### Requirement
In the listing that follows, give every line again exactly and omit the pictures.

### Collected material
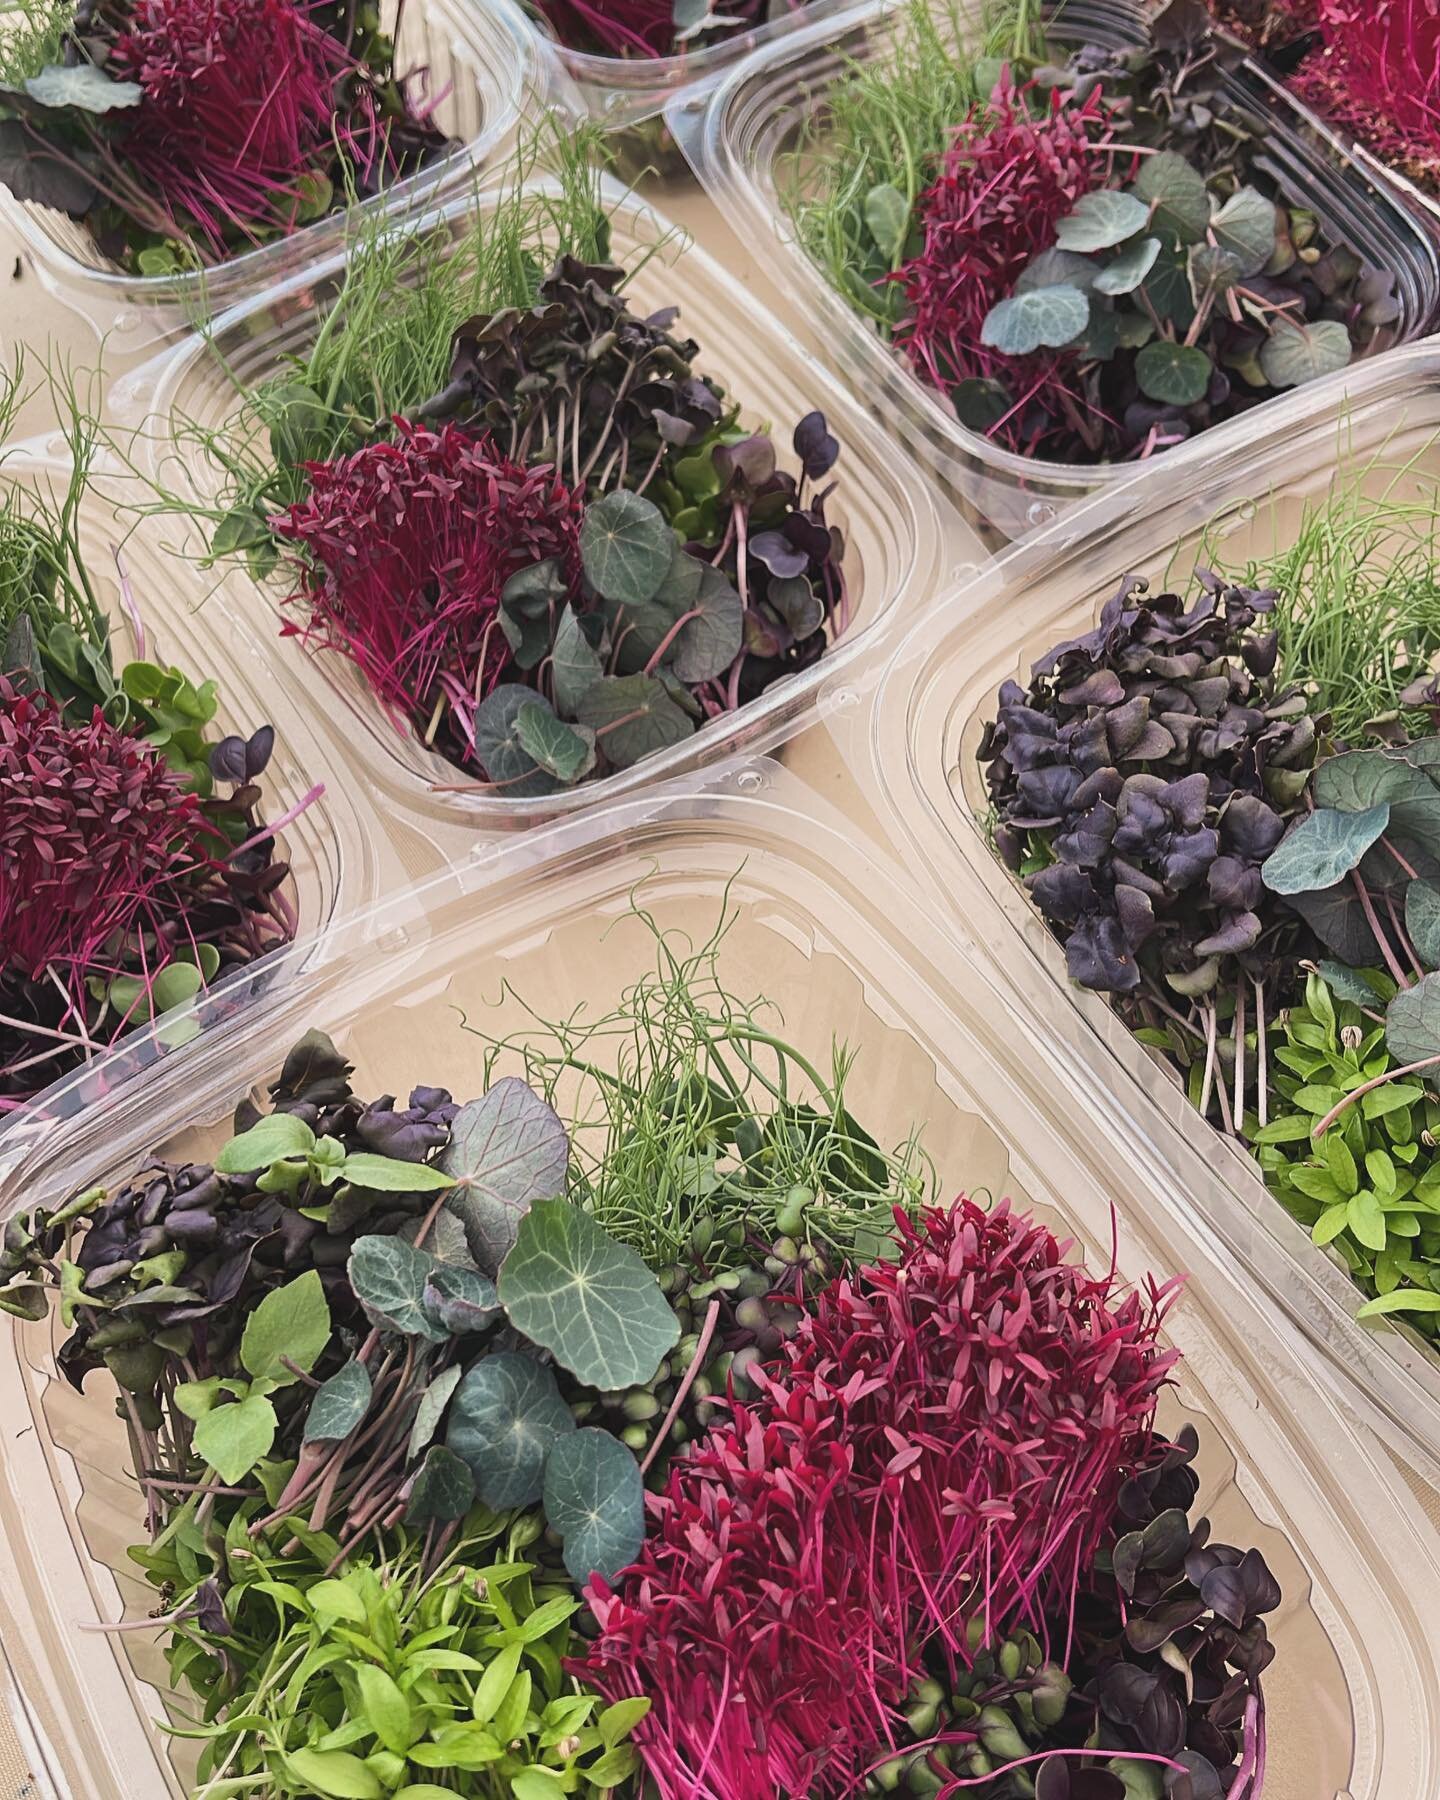 If you&rsquo;ve gotten microgreens from us at the markets you may not have known our packaging is fully compostable from @goodstartpackaging  #microgreens #sustainability #superfood #freshgreens
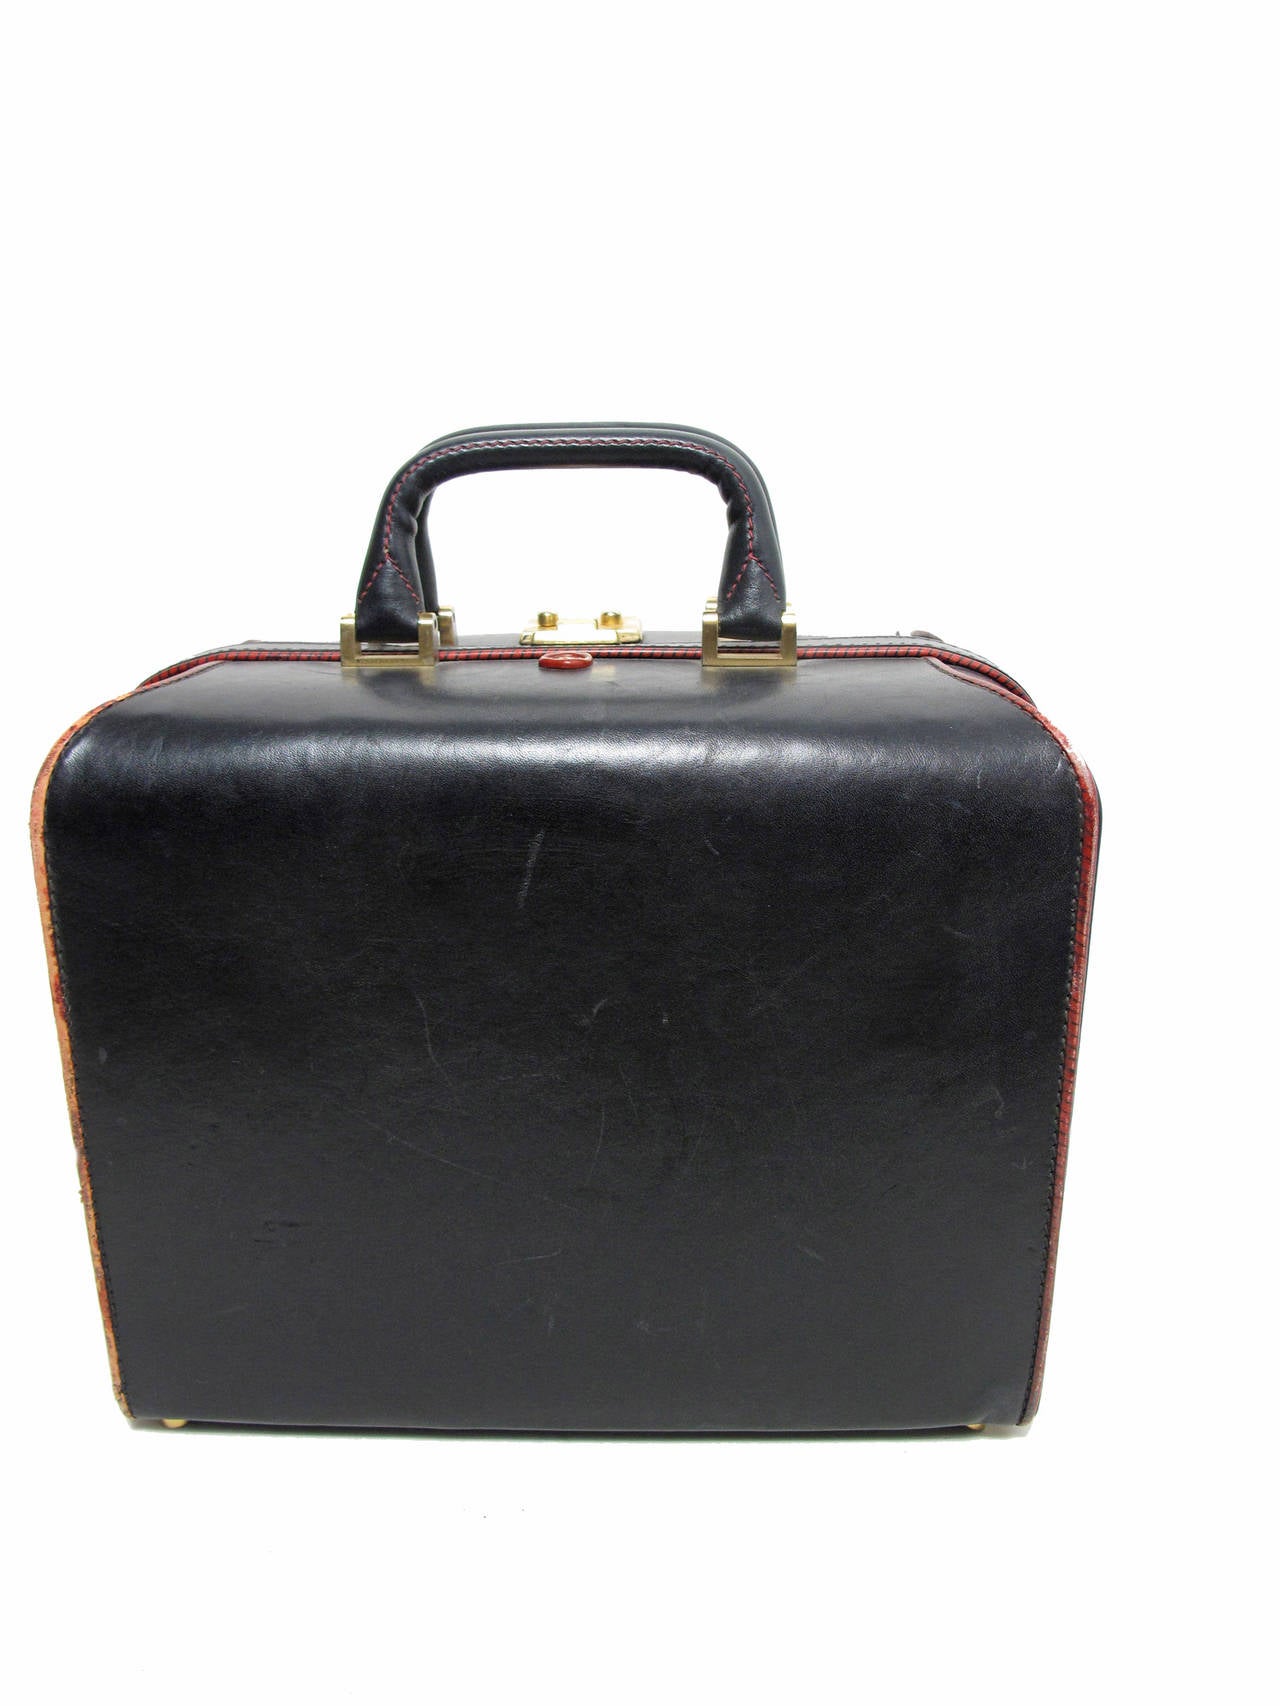 1970s black leather with red trim Valentino train case, with lock and key.  Stamped V on top to look like wax print.  Interior very good condition:  two separate compartments.  Wear to exterior, see photos. 12
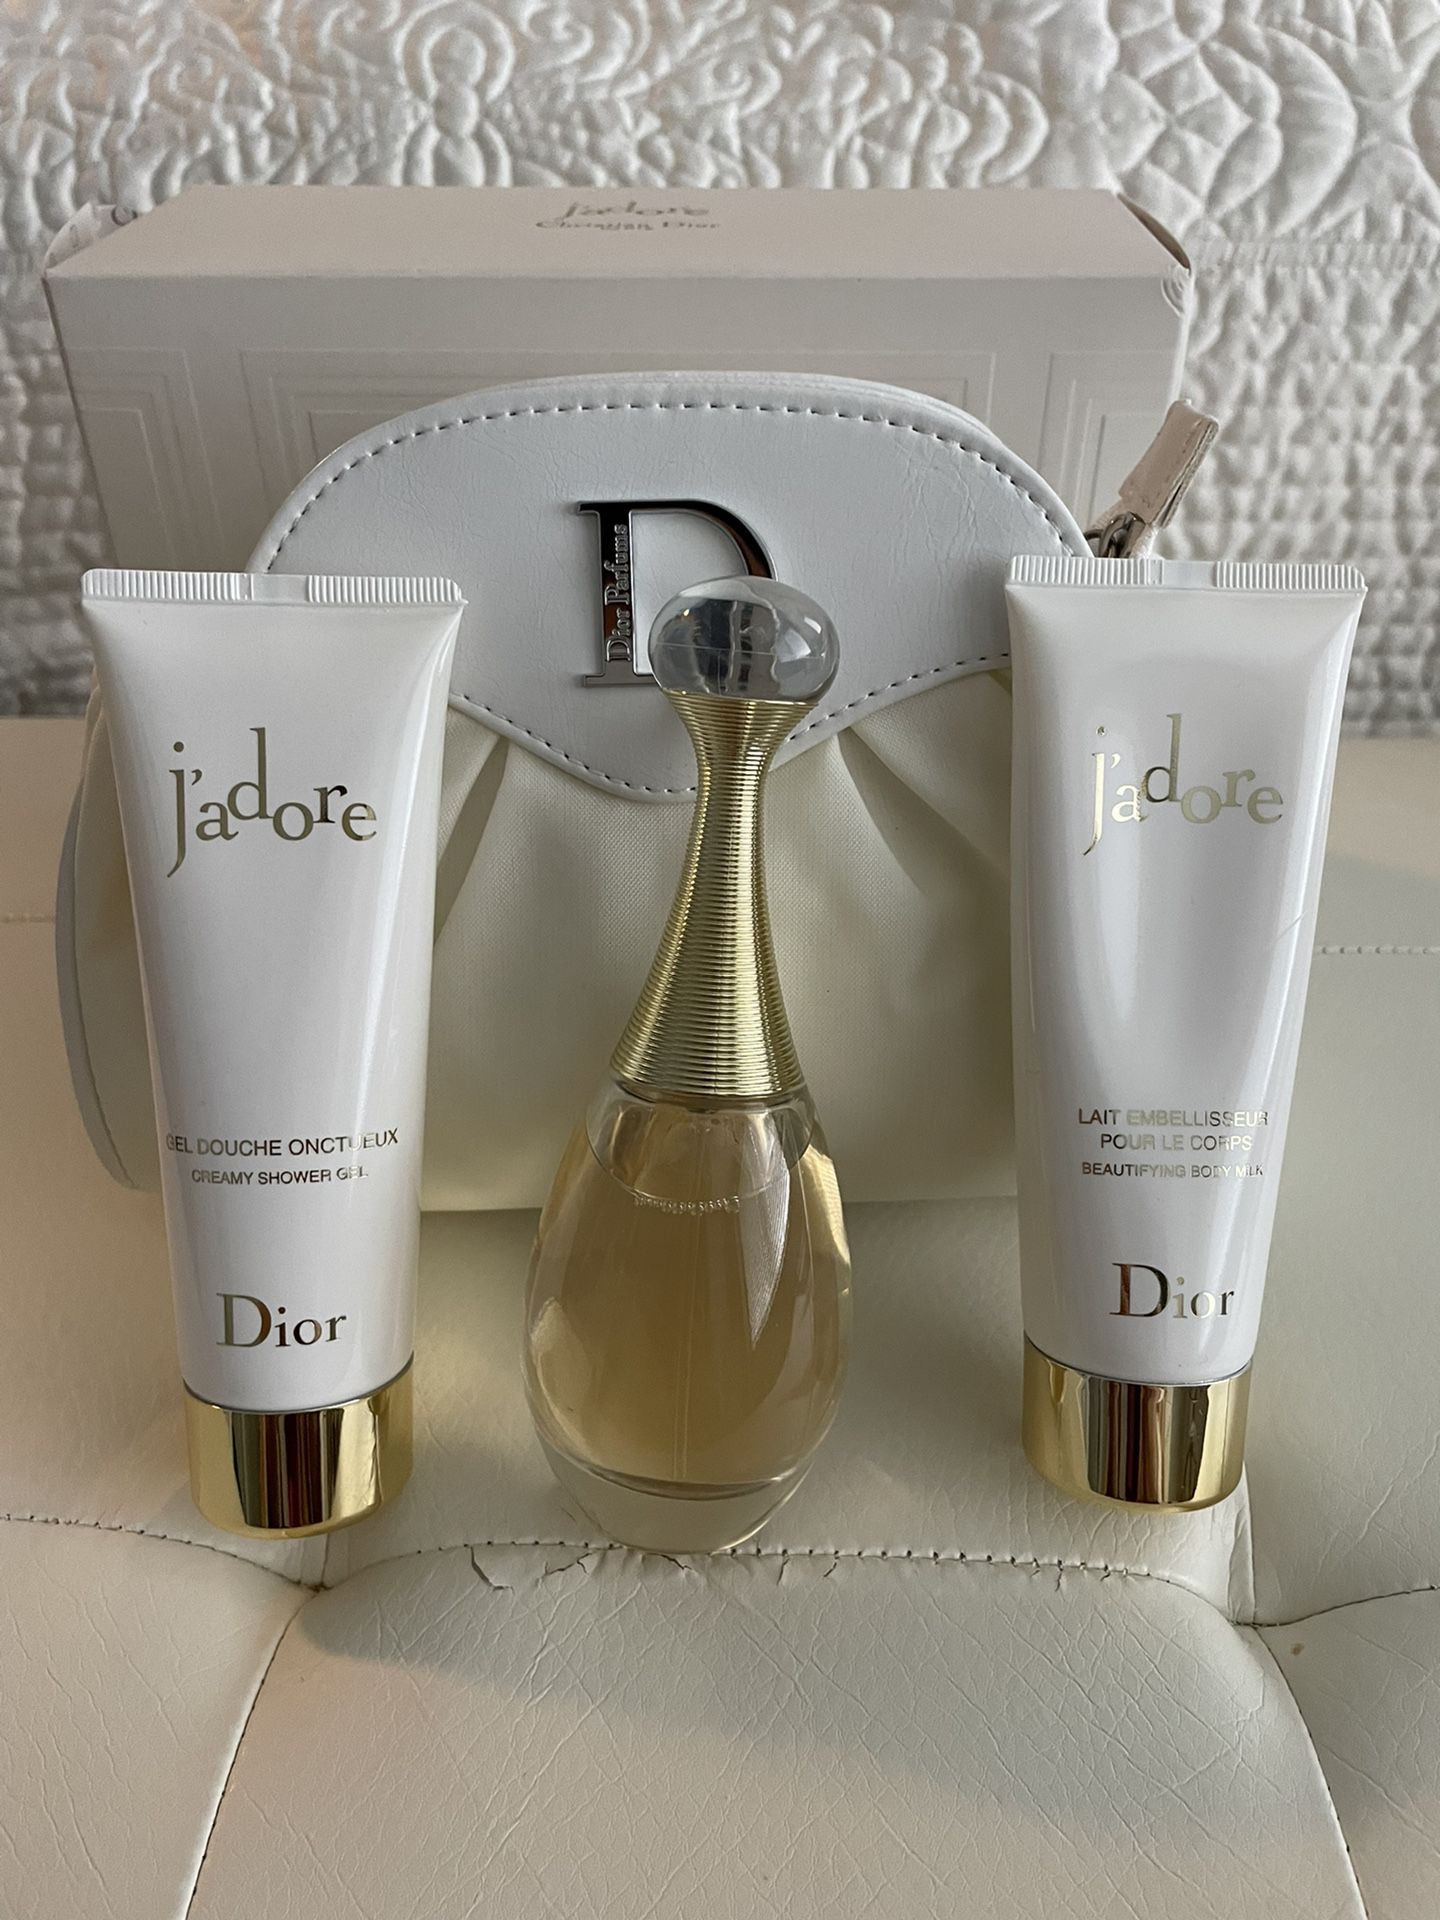 Jadore By Christian Dior Women Set With Dior Cosmetic Bag

### Answer below
 If you&rsquo;ve gotten microgreens from us at the markets you may not have known our packaging is fully compostable from @goodstartpackaging  #microgreens #sustainability #superfood #freshgreens
 1970s black leather with red trim Valentino train case, with lock and key.  Stamped V on top to look like wax print.  Interior very good condition:  two separate compartments.  Wear to exterior, see photos. 12
 Jadore By Christian Dior Women Set With Dior Cosmetic Bag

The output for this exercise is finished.